RICH FURMAN, Ph.D., is an assistant professor in the School of Social Work at Colorado State University. His poetry has been published, or is soon to be published, in Hawai’i Review, Black Bear Review, Red Rock Review, Sierra Nevada Review, Penn Review, Old Red Kimono, Colere, Pearl, The Journal of Poetry Therapy, Poetry Motel, and well over 150 poems in nearly 100 literary journals. As of July 2003, he will be moving to Omaha to teach at the School of Social Work at University of Nebraska-Omaha.

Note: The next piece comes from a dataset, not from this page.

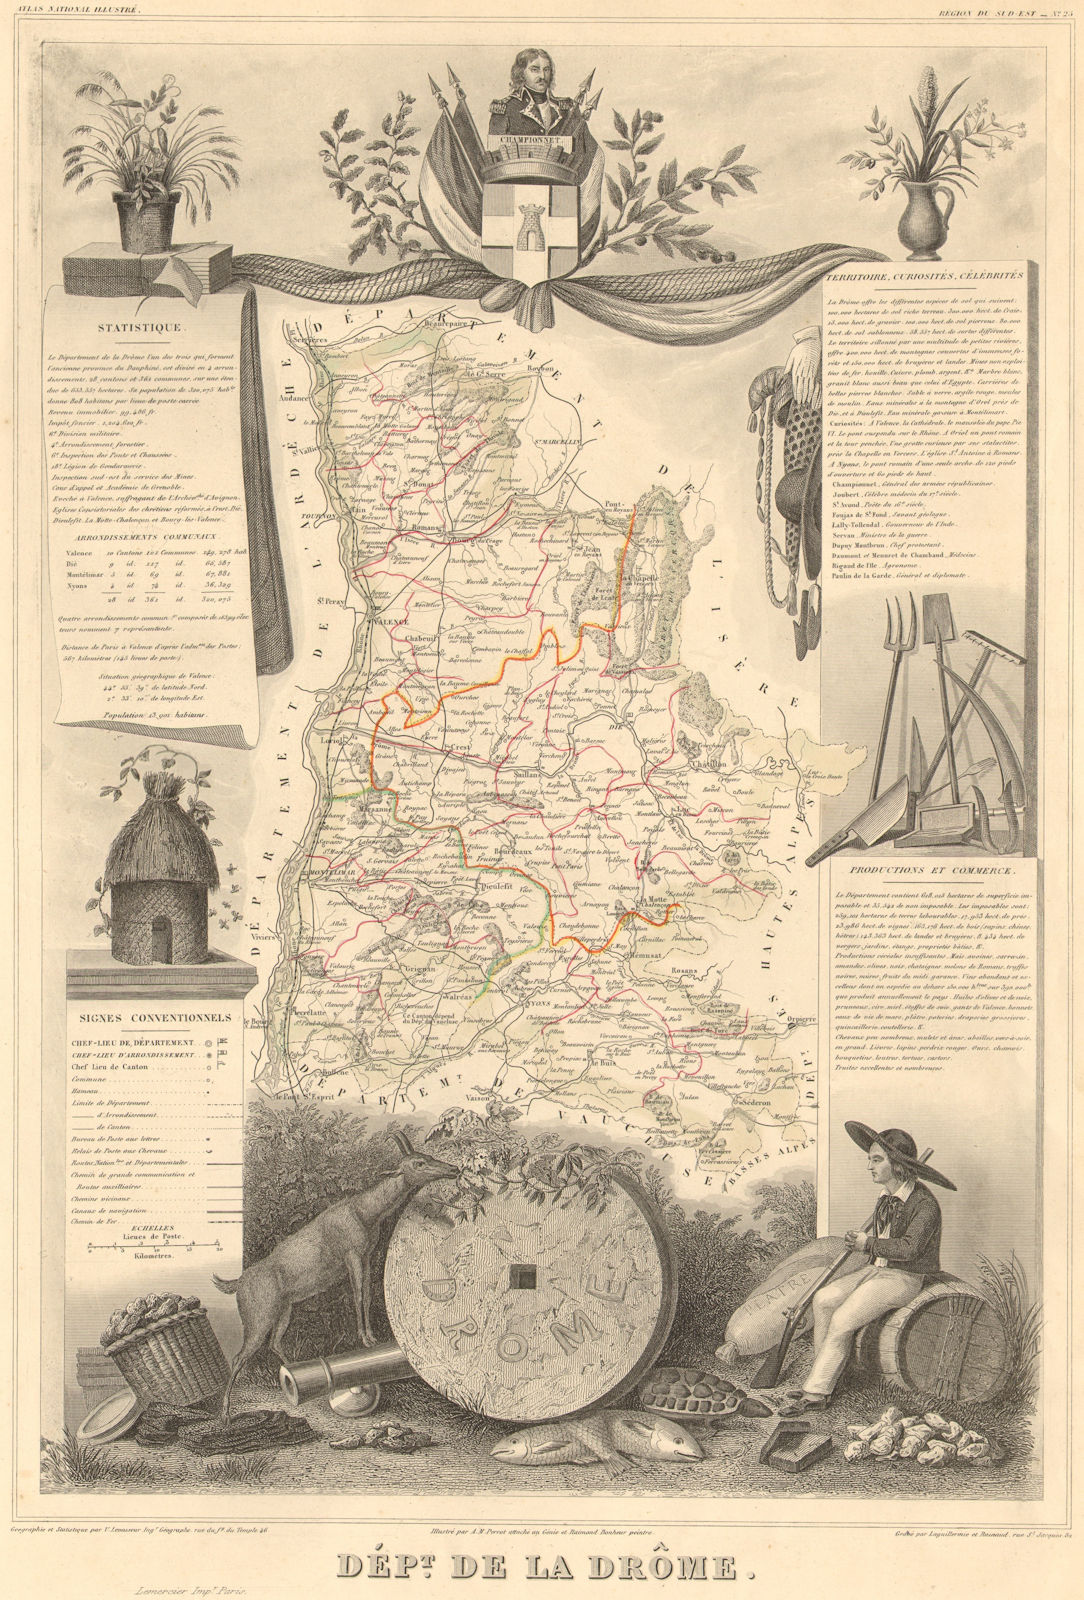 Département de la DRÔME. Decorative antique map/carte by Victor LEVASSEUR 1852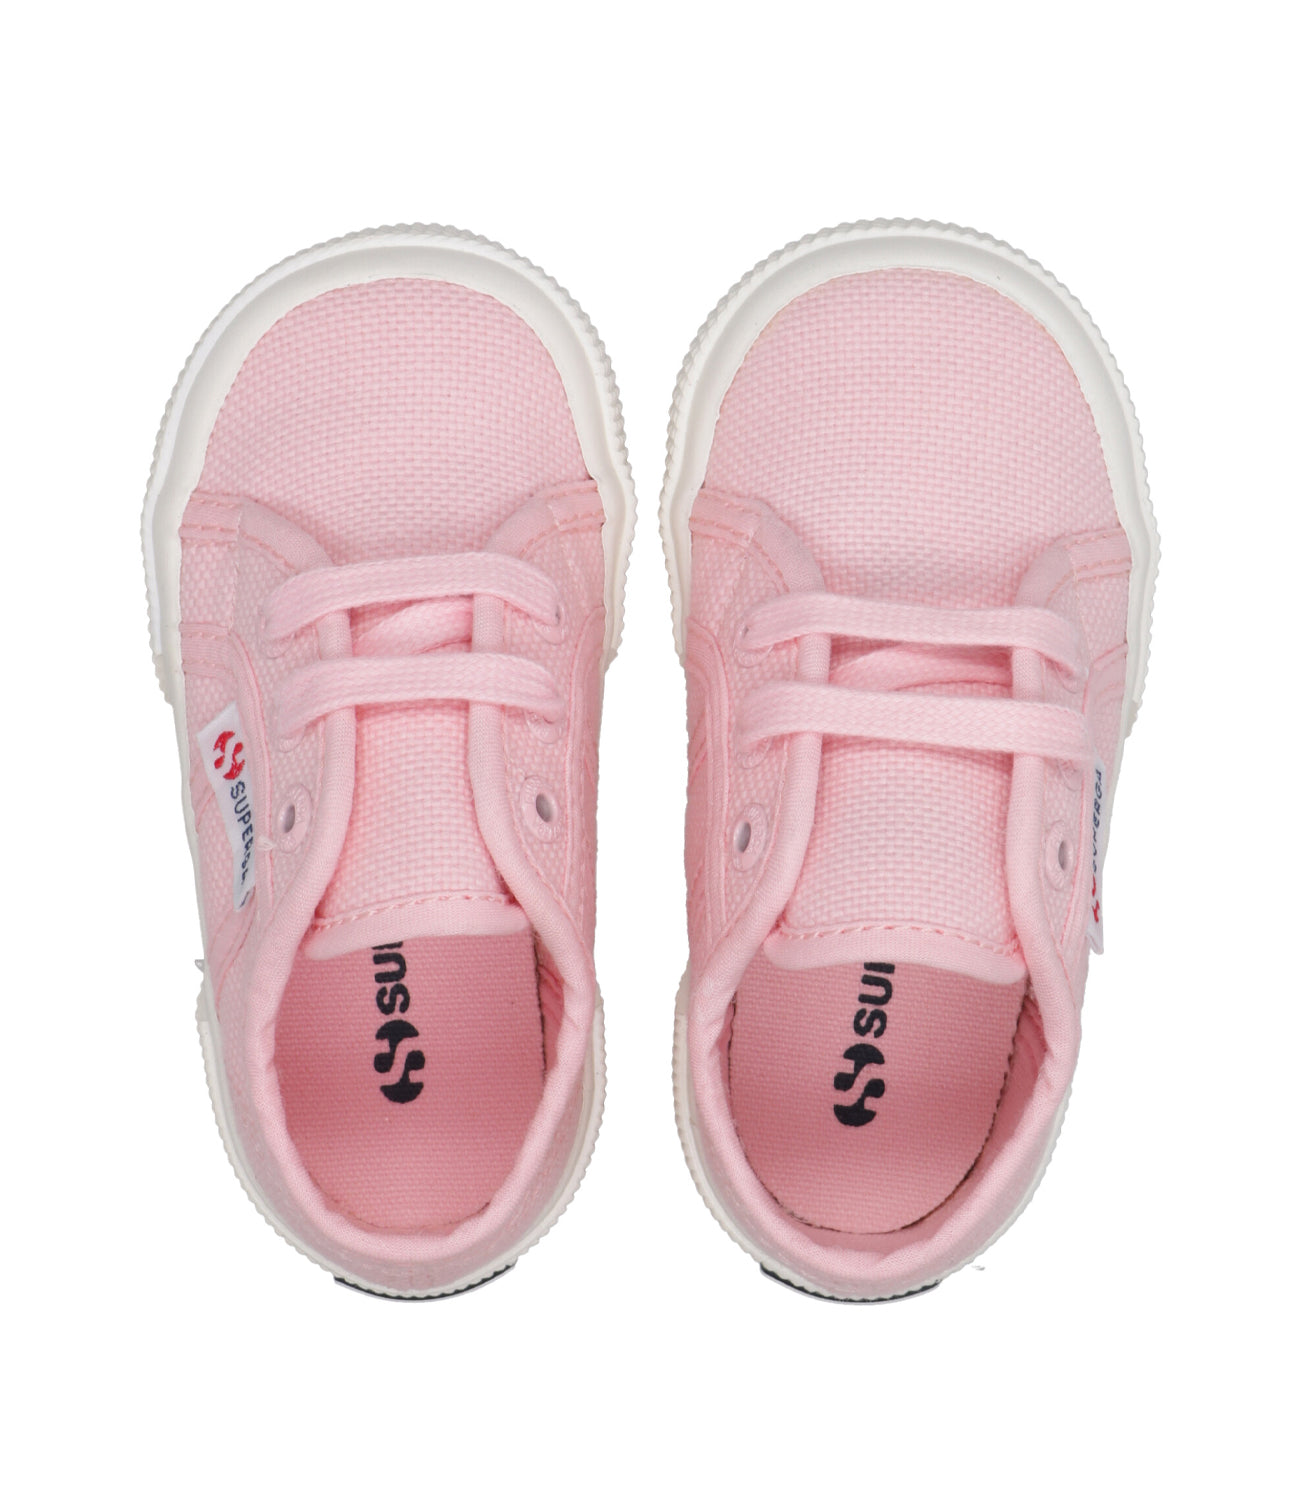 Superga Kids | Sneakers 2750 Baby Rosa

                                                                   lucky


Your dad, Marvin, the cartoonist, killed himself. I think it was gas. Years before, he took us to the beach, played with us in the sand, gave us freedom when we wanted it and love when we needed it, and streaming kites and our bodies cutting into the waves. We dug for sand crabs with our rusting metal shovels, watched them race across the sand and disappear, leaving tiny air bubble traces. Marvin would stare at bubbles exploding through the muddy wake and tell us how lucky we were to be young, with lives as smooth as the worn bottles bits he dug from near the fading waves' foam. He held them in his palm, tossed them into the air, and smiled, so young and so lucky. He bought us lemonade from the stand where teens wore embarrassed red, blue and yellow polyester uniforms, matching hats. I remember years later, pulling off those idiot flags in the station wagon of another parent's car. After your father succumbed the towering swells of his sadness, your sister grew hundreds of pimples, and then went insane. I too grew pimples. So many I would stand before the mirror, and just squeeze my face, watch dull green coat the glass. I did not quite go insane, but for a year ran home each day and thought about Marvin. Wondered how close were our pains, as the mocking laugher of girls branded me clown face, pointing at the tan cream I used to cover the pimple and craters. Fortunately, they left within a year, replaced by muscles and width. But Marvin is still dead and your sister went insane and you have disappeared like the sand crabs I can no longer find.